Mideast riots less religious than political

Posted: September 14, 2012

By Mimi Hanaoka

The chaotic violence that killed U.S. Ambassador J. Christopher Stevens and three American staffers in Libya, and that led to a mob storming the U.S. Embassy in Cairo, has been garbed in religious language and references. That distracts from the real issues: serious domestic political fragmentation in Libya and Egypt in the aftermath of the Arab Spring, and America's place in the region.

Media attention has focused on a polemic, anti-Muslim movie trailer posted on YouTube, which prompted protests in Benghazi and Cairo. The film was allegedly produced by Sam Bacile, who has identified himself as an Israeli Jew. In the Wall Street Journal, Bacile called Islam a "cancer" and claimed he raised $5 million from Jewish donors to fund the film, details that intensify its polemic power.

The trailer, translated into Arabic and viewed thousands of times in the Middle East, portrays the prophet Muhammad as, among other things, a child abuser. Florida pastor and provocateur Terry Jones, who burned copies of the Quran in 2011, claims to have screened the film; a self-described Christian militant in California claims to have consulted on it.
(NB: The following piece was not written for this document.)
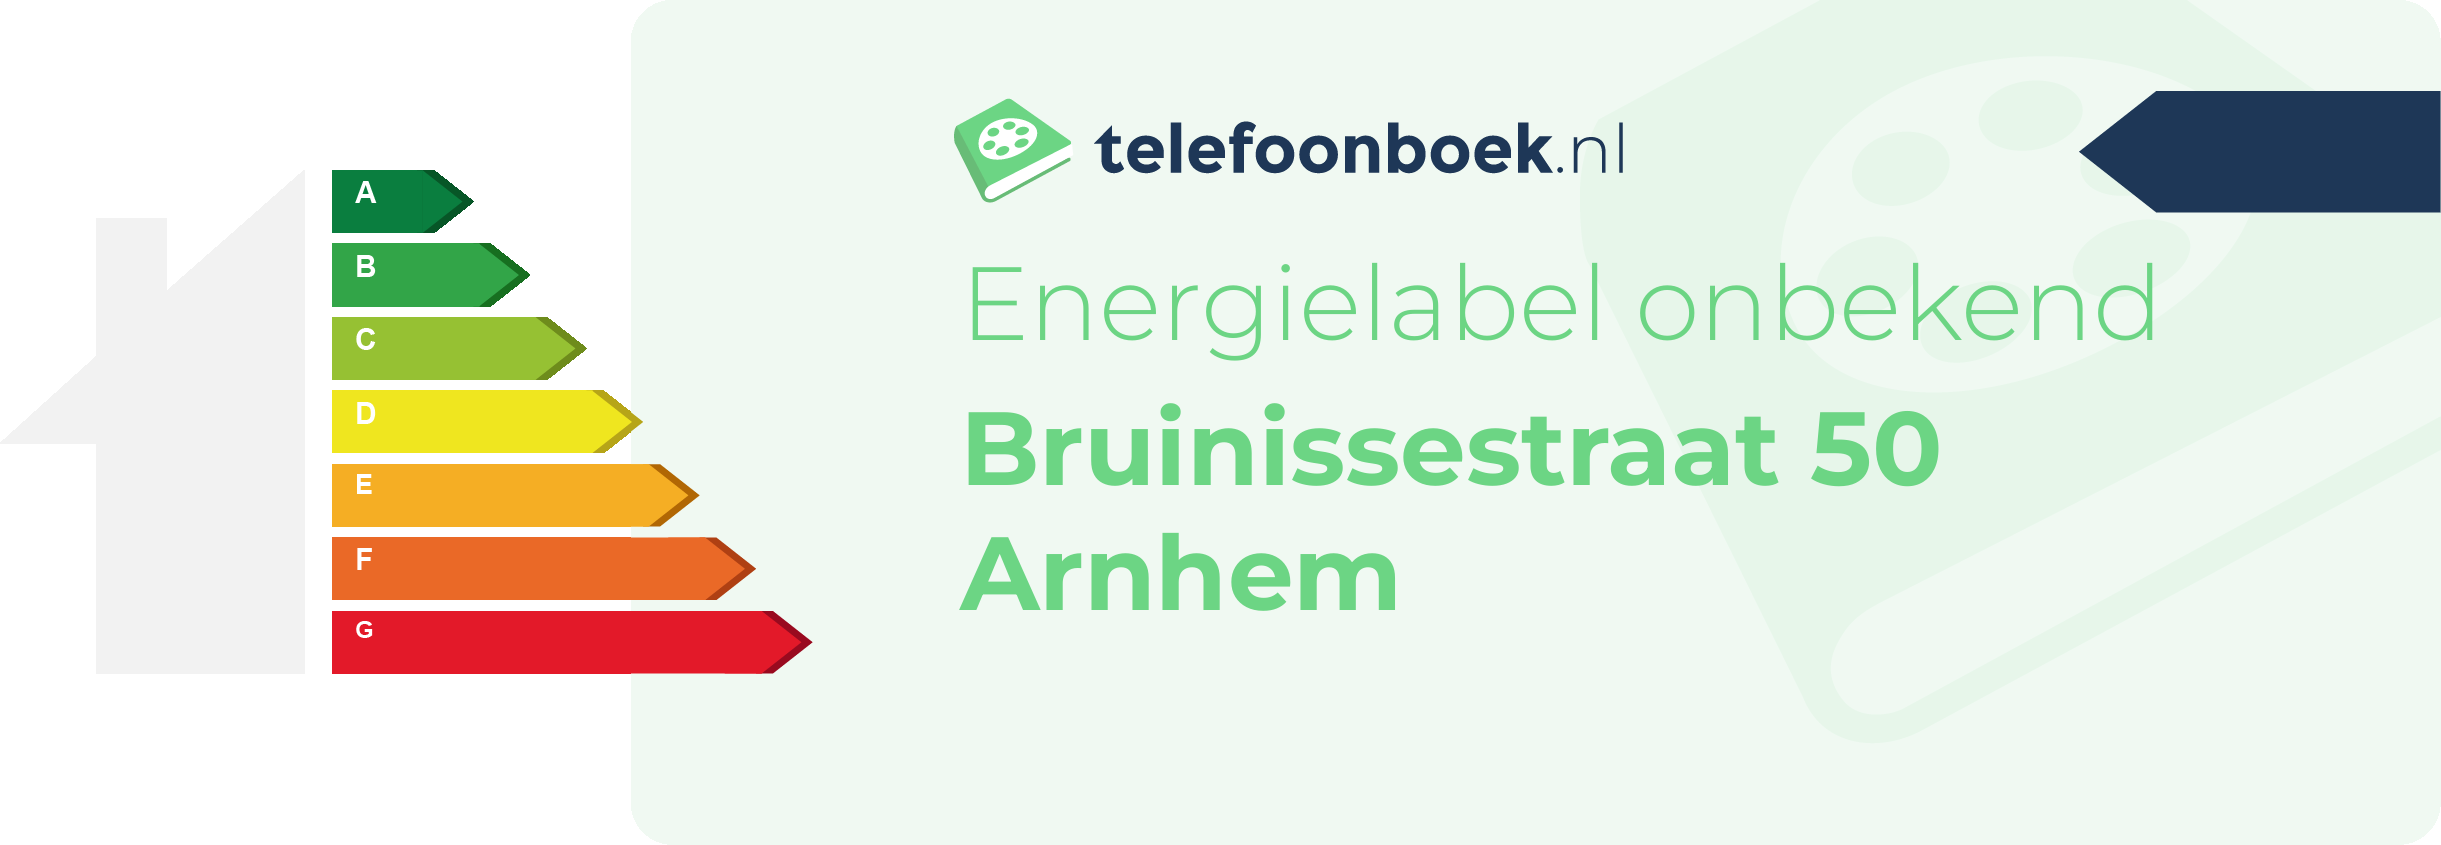 Energielabel Bruinissestraat 50 Arnhem

The violent response to the trailer in Libya and Egypt will undoubtedly be portrayed as generic Muslim rage rooted in a theology that inspires a special hatred of the West. If more demonstrations erupt in Muslim countries after Friday prayers, there will be further temptation to understand them as primarily religious.

But there are other ways to understand what's going on. The deadly attack in Libya may have been separate from the video protests, planned by extremists. In any case, the anti-American demonstrations are not necessarily exhibitions of generic Muslim theological rage as much as they are outbursts occurring for specific reasons in the particular, destabilized local contexts of the post-Arab Spring Middle East and North Africa. And more protests following Friday prayers in these countries are likely to be as much a sign of newfound political engagement as religious zeal.

The Arab Spring produced a complex matrix of political instability in Libya and Egypt, with enormous economic and social reverberations in those nations and their geopolitical relationships and strategies. The anti-American violence in Benghazi and Cairo is mostly a reflection of weakened central governments in the wake of the toppling of long-standing dictators and amid the jockeying for power of a host of actors and organizations.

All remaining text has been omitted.